If all species of turtle were the same size. What turtle species would be king of the ring. I'm not advocating fighting turtles, I just wonder what turtle has the best fighting skills. 

They need them in the wild for defense. A hard shell can only get them so far.


----------



## jeffbens0n (Oct 3, 2011)

Snapper...alligator or common I guess it wouldn't matter if they were the same size.


----------



## Yvonne G (Oct 3, 2011)

Little male Russian tortoises can be VERY aggressive! I vote for them.


----------



## GeoTerraTestudo (Oct 3, 2011)

jeffbens0n said:


> Snapper...alligator or common I guess it wouldn't matter if they were the same size.



I think at parity, even though the alligator snapper would have stronger jaws, the common snapper would be the best overall fighter, because they do still have strong jaws, but are also very aggressive and agile for a turtle. Actually, for its size, the common snapper is probably one of the toughest fighters in the entire animal kingdom.


----------



## yagyujubei (Oct 3, 2011)

I would say common snapper with spiny softshell at no.2


----------



## GeoTerraTestudo (Oct 3, 2011)

yagyujubei said:


> I would say common snapper with spiny softshell at no.2



I would rank softshell species after the two snapper species, simply because their lack of a hard shell affords them more agility, but less armor. The third-place family in my book would be mud and musk turtles, because they also have a strong bite. Maybe in fourth place would be side-necked turtles, since they also have a strong bite. In fifth place, I would probably put most pond turtles, since they are quite speedy. I would probably rank box turtles sixth, and tortoises last; they are usually pretty calm creatures (except while mating), which is, after all, why so many of us like having them as pets!


----------



## fbsmith3 (Oct 3, 2011)

If all being equal size, a musk turtle is my absolute favorite. Everyone see them as less powerful because of thier small size, but if they were as big as a snapper, I'd think they would be extrememly dangerous.


----------



## Az tortoise compound (Oct 3, 2011)

NINJA turtles...Leonardo in particular, his swords are very sharp


----------



## fbsmith3 (Oct 3, 2011)

Were the Teenage Mutant Ninja Turtles Red-Eared Sliders?


----------



## GeoTerraTestudo (Oct 3, 2011)

fbsmith3 said:


> Were the Teenage Mutant Ninja Turtles Red-Eared Sliders?



Judging by the fact that they lived in a tiny goldfish bowl before being flushed down the toilet, I'd say they were RES, yes!

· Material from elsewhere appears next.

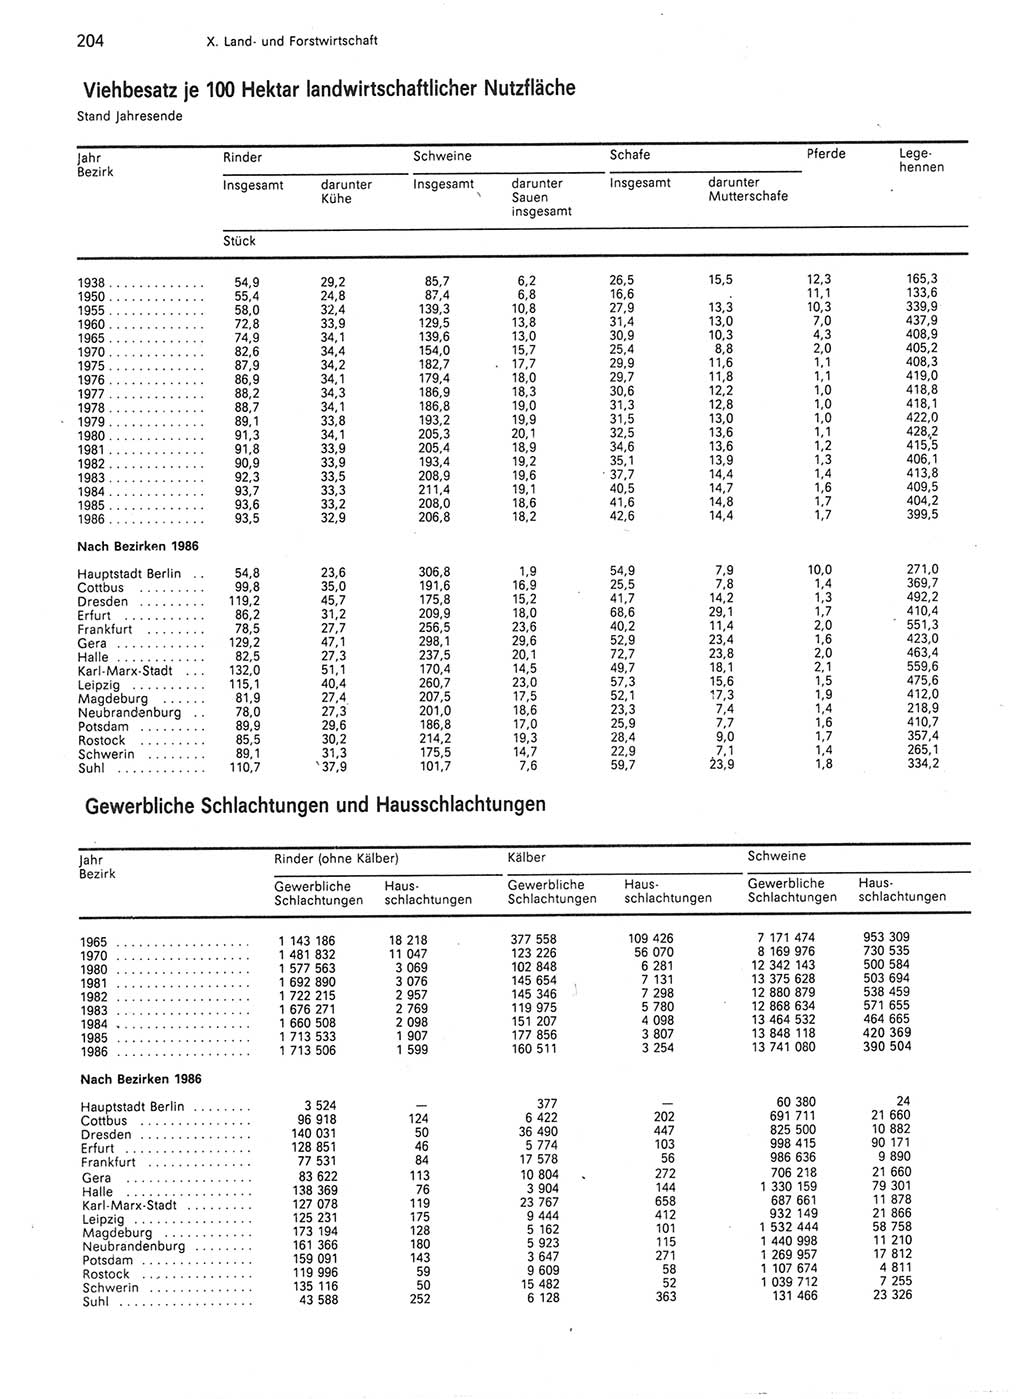 Statistisches Jahrbuch der Deutschen Demokratischen Republik (DDR) 1987, Seite 204 (Stat. Jb. DDR 1987, S. 204)

Being ninja-trained mutants, I'd also say they'd be the toughest. But we're talking non-mutant, non-martial art expert turtles here.


----------



## fbsmith3 (Oct 3, 2011)

I suppose you're right so I go back to Musk turtles. For a little guy they are very aggressive. Of course I only have known wild musk turtles, I don't know how aggressive pet Musk turtles are.


----------